# Crime Data Analysis

Crime statistics are crucial in helping law enforcement and public safety agencies better understand crime patterns and develop preventive measures. This project aims to analyze crime data to uncover trends, identify hotspots, and provide actionable insights that can aid in reducing crime rates.

In [None]:
# Install Folium package to visualize maps
pip install folium

In [None]:
# Import Pandas and Pymysql modules
import pandas as pd
import pymysql
import matplotlib.pyplot as plt
import seaborn as sns
import folium

In [None]:
# Load the crime_data.csv to Pandas DataFrame
df = pd.read_csv(r"C:\Users\Hari\OneDrive - Wiley\Desktop\MyDesktop_14102024\Desktop\Data Science Bootcamp\Mini_Capstone_Project\Dataset\crime_data.csv")


In [None]:
# Replace the NaN values with None
df = df.where(df.notnull(), None)

In [None]:
# Establish a database connection
connection = pymysql.connect(host='localhost',
                             user='root',
                             password='Virat200599#',
                             database='crime_data_db')

In [None]:
# Create a cursor object
cursor = connection.cursor()

# Create a crime data table

In [None]:
# Create crime_data Table in crime_data_db database
query = '''create table crime_data(
          dr_no int,
          date_reported DATE,
          date_occurred DATE,
          area_name varchar(100),
          crime_code int,
          crime_code_description varchar(255),
          victim_age int,
          victim_sex varchar(10),
          premise_description varchar(255),
          status varchar(100),
          location varchar(100),
          lat double,
          lon double);'''

cursor.execute(query)

# Insert values to the crime_data table using pymysql
for index, row in df.iterrows():
    query = r'''insert into crime_data(dr_no, date_reported, date_occurred, area_name, crime_code, crime_code_description,
    victim_age, victim_sex, premise_description, status, location, lat, lon)
    values(%s,str_to_date(%s, '%%d-%%m-%%Y'),str_to_date(%s, '%%d-%%m-%%Y'),%s,%s,%s,%s,%s,%s,%s,%s,%s,%s);'''
    cursor.execute(query, tuple(row))

# Save changes in Database
connection.commit()

# Crime Data Exploratory Analysis

In [None]:
# Query to fetch total record count
cursor.execute('select count(*) from crime_data;')
total_records = cursor.fetchone()[0]

# Query to fetch unique crime_code records
cursor.execute('select count(distinct crime_code) from crime_data;')
unique_crime_codes_count = cursor.fetchone()[0]

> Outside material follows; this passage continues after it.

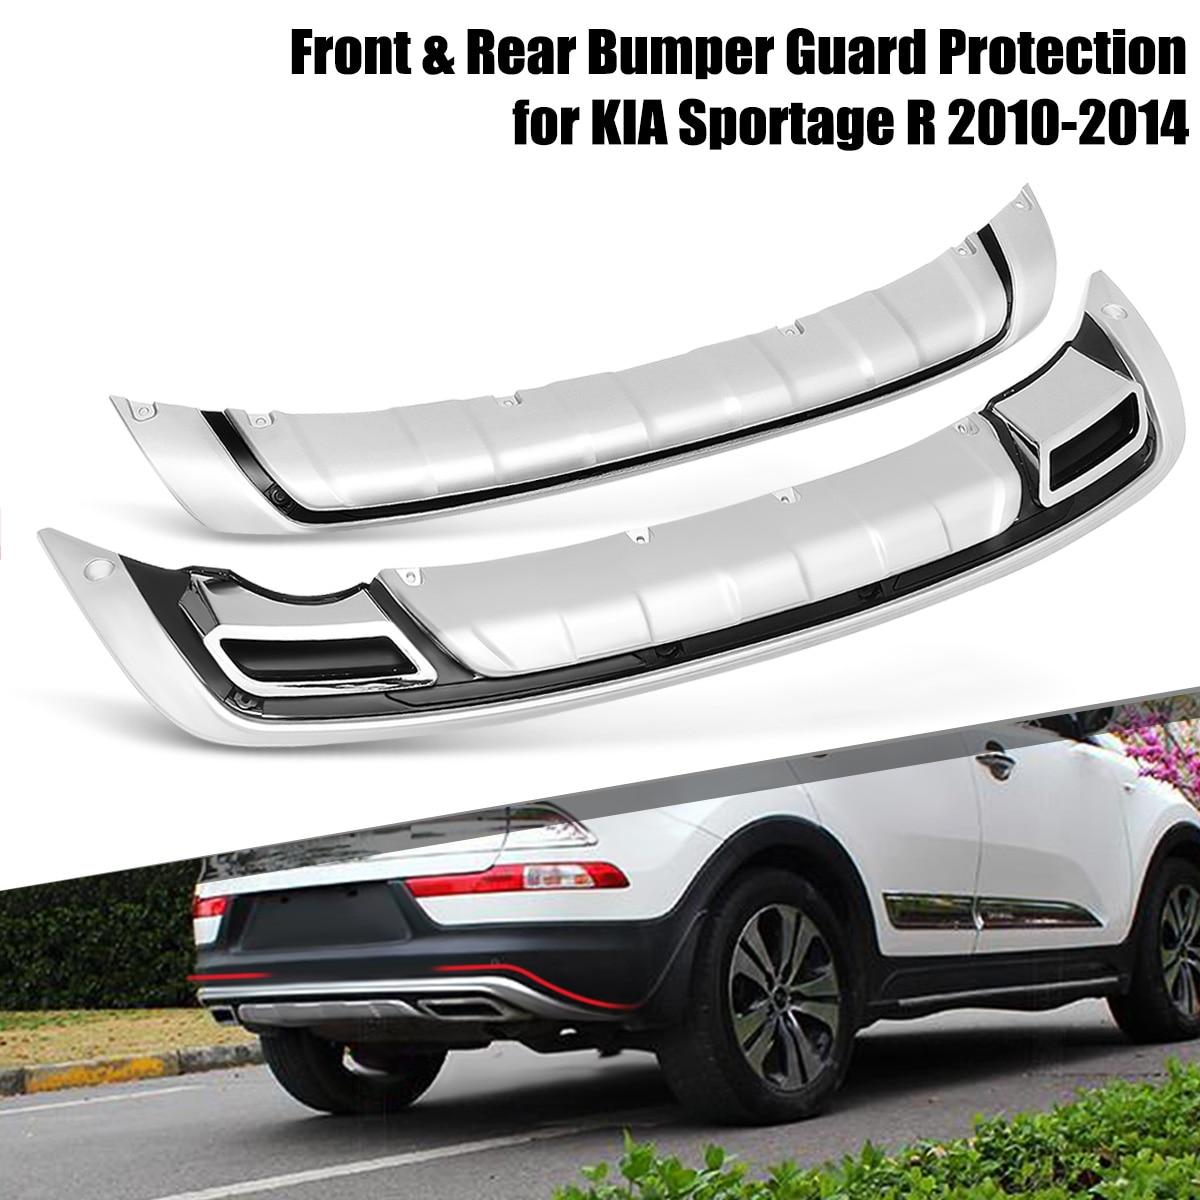 2 pçs/set Proteção Protetor Bumper Bumpers Capa Guarda Dianteira E Traseira Do Carro ABS Para KIA Sportage R 2010 2011 2012 2013 2014
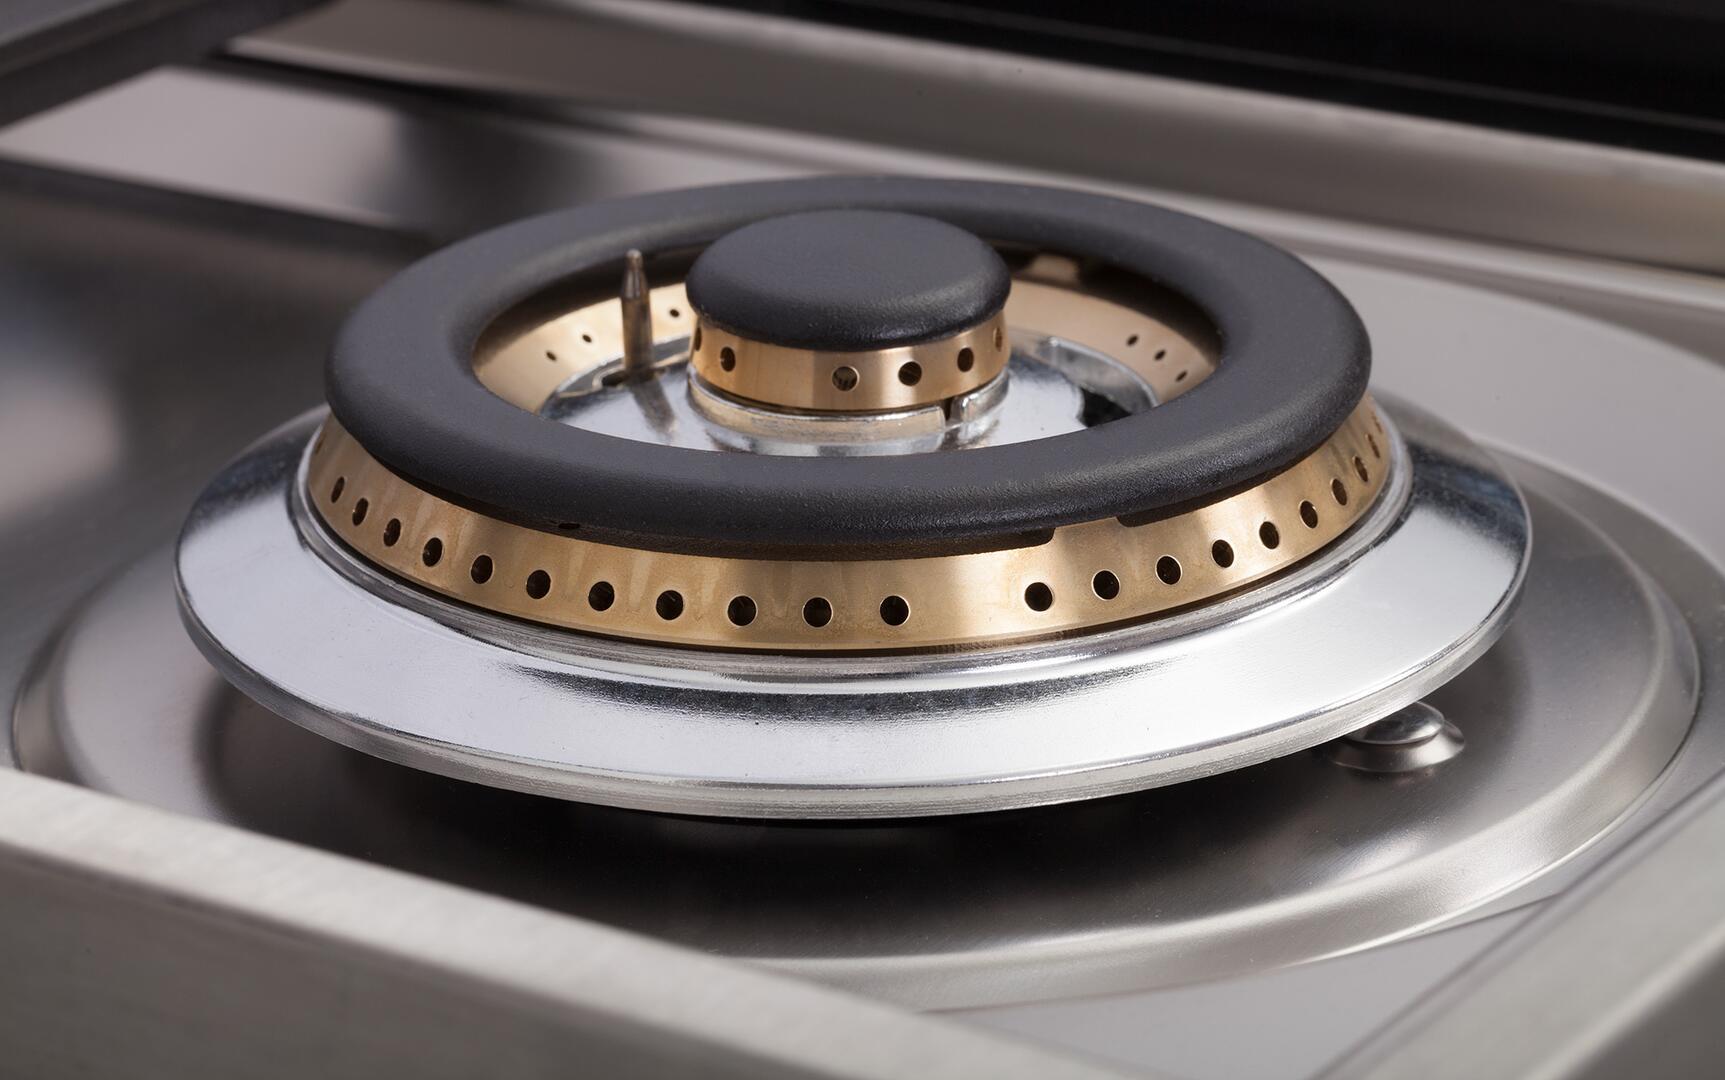 Ilve Professional Plus UPDW1006DMPN Freestanding Dual Fuel Range Black, 12

# Print the total_records and unique_crime_codes_count
print(f'Total records: {total_records}')
print(f'Unique Crime codes: {unique_crime_codes_count}')

In [None]:
# Query to fetch unique crime_code and their descriptions
cursor.execute('select distinct crime_code, crime_code_description from crime_data order by crime_code;')
unique_crime_codes_descriptions = cursor.fetchall()

# Print the unique crime_codes and their descriptions
print('Unique crime codes and their descriptions')
for crime_code, description in unique_crime_codes_descriptions:
    print(crime_code, description)

# Temporal Analysis

In [None]:
# Convert the string data to date with specified format
df['DATE_OCC'] = pd.to_datetime(df['DATE_OCC'], format='%d-%m-%Y')

# Group the data on Month of the Crime_occurred_date to analyze trends over time
res = df.groupby(df['DATE_OCC'].dt.to_period('M')).size()

# Plot Line graph to analyze the trend over time
res.plot(kind='line', marker='o', label='Monthly values')
plt.title('Crime Trends Over Time')
plt.xlabel('Period in Month')
plt.ylabel('Number of Crimes')
plt.legend(labelcolor='red')
plt.show()

# Spatial Analysis

In [None]:
# Create a map centered around an average location
crime_map = folium.Map(location=[df['LAT'].mean(), df['LON'].mean()], zoom_start=12)

# Add points to the map
for _, row in df.iterrows():
    folium.CircleMarker([row['LAT'], row['LON']],
                        radius=2,
                        color='red').add_to(crime_map)

In [None]:
# Display the Crime Hotspot map
crime_map

# Victim Demographics Analysis

In [None]:
# Distribution of Victim Ages

sns.histplot(x=df['Vict_Age'].dropna(), bins=25)
plt.xlabel('Age')
plt.ylabel('Count')
plt.title('Distribution of Victim Ages')
plt.show()

In [None]:
# Group the data on Victim Sex 

grouped_data = df.groupby(by='Vict_Sex').size().sort_values(ascending=False)
grouped_data.index = ['Male', 'Female', 'Others']

In [None]:
# Crime Rates by  Victim Gender

sns.countplot(x=df['Vict_Sex'], palette='Set1')
plt.title('Crime Rates by  Victim')
plt.xlabel('Victim Sex')
plt.ylabel('Number of Victims')
plt.show()

In [None]:
# Difference in crime rates between Various genders

plt.pie(x=grouped_data, autopct='%1.1f%%', labels=grouped_data.index)
plt.title('Difference in crime rates between Various genders')
plt.show()

In [None]:
# Location with most crimes reported
location_counts = df.groupby(by='Location').size().sort_values(ascending=False).head(1)
print(location_counts)

In [None]:
# Crimes based on Premise location

grouped_data = df.groupby(by='Premis_Desc').size().sort_values(ascending=False)
grouped_data = grouped_data[grouped_data>1].head(5)

# Common premises descriptions where crimes occur

plt.pie(x=grouped_data, autopct='%1.1f%%', labels=grouped_data.index)
plt.title('Common premises descriptions where crimes occur')
plt.show()

# Status Analysis

In [None]:
# Status of Reported Crimes
status_counts = df.groupby(by='Status').size().sort_values(ascending=False)
sns.barplot(x=status_counts.index, y=status_counts.values, palette='deep')
plt.title('Status of Reported Crimes')
plt.xlabel('Status')
plt.ylabel('Count')
plt.show()

# Crime Code Analysis

In [None]:
# Distribution of Crime Codes
sns.kdeplot(x=df['Crm_Cd'].dropna(), fill=True, color='red')
plt.xlabel('Crime codes')
plt.ylabel('Probability of occurrence')
plt.title('Distribution of Crime Codes')
plt.show()